We recognise the strength of feeling on the issue of harmful conversion practices and remain committed to protecting people from these practices and making sure that they can live their lives free from the threat of harm or abuse. We have had constructive engagement with my hon. Friend the Member for Rutland and Melton (Alicia Kearns) on her amendment 84, which seeks to prevent children from seeing harmful online content on conversion practices. It is right that this issue is tackled through a dedicated and tailored legislative approach, which is why we are announcing today that the Government will publish a draft Bill to set out a proposed approach to banning conversion practices. This will apply to England and Wales. The Bill will protect everybody, including those targeted on the basis of their sexuality or being transgender. The Government will publish the Bill shortly and will ask for pre-legislative scrutiny by a Joint Committee in this parliamentary Session.

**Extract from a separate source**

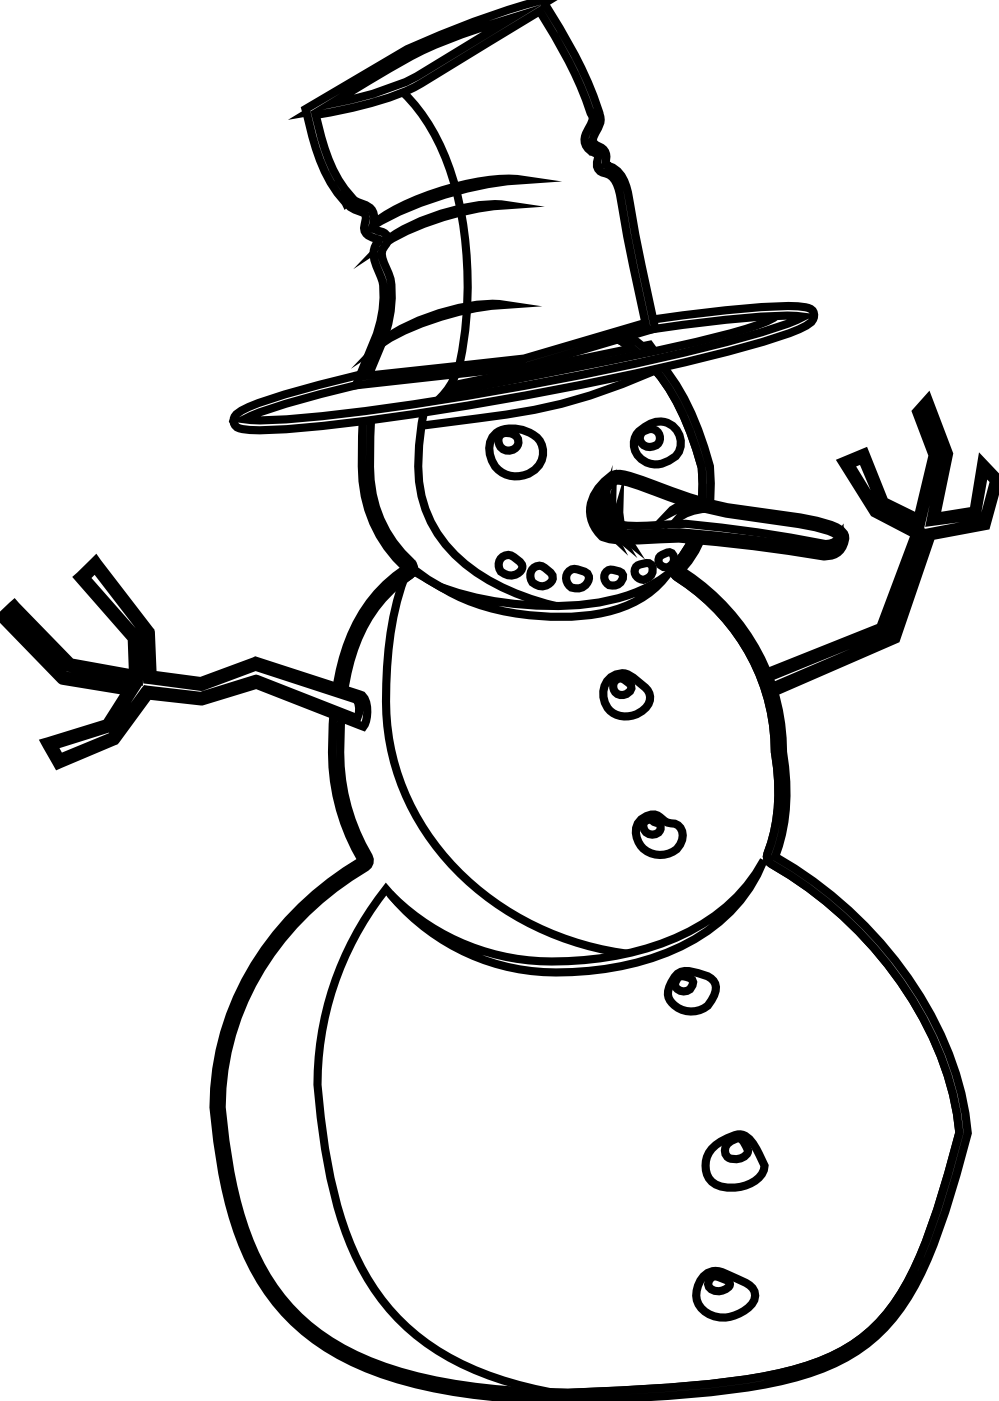 Free Olaf Clipart Black And White Download Free Clip Art Free Clip Art On Clipart Library

This is a complex area and pre-legislative scrutiny exists to help ensure that any Bill introduced to Parliament does not cause unintended consequences. It will also ensure that the Bill benefits from stakeholder expertise and input from parliamentarians. The legislation must not, through a lack of clarity, harm the growing number of children and young adults experiencing gender-related distress through inadvertently criminalising or chilling legitimate conversations that parents or clinicians may have with children. This is an important issue, and it needs the targeted and robust approach that a dedicated Bill would provide.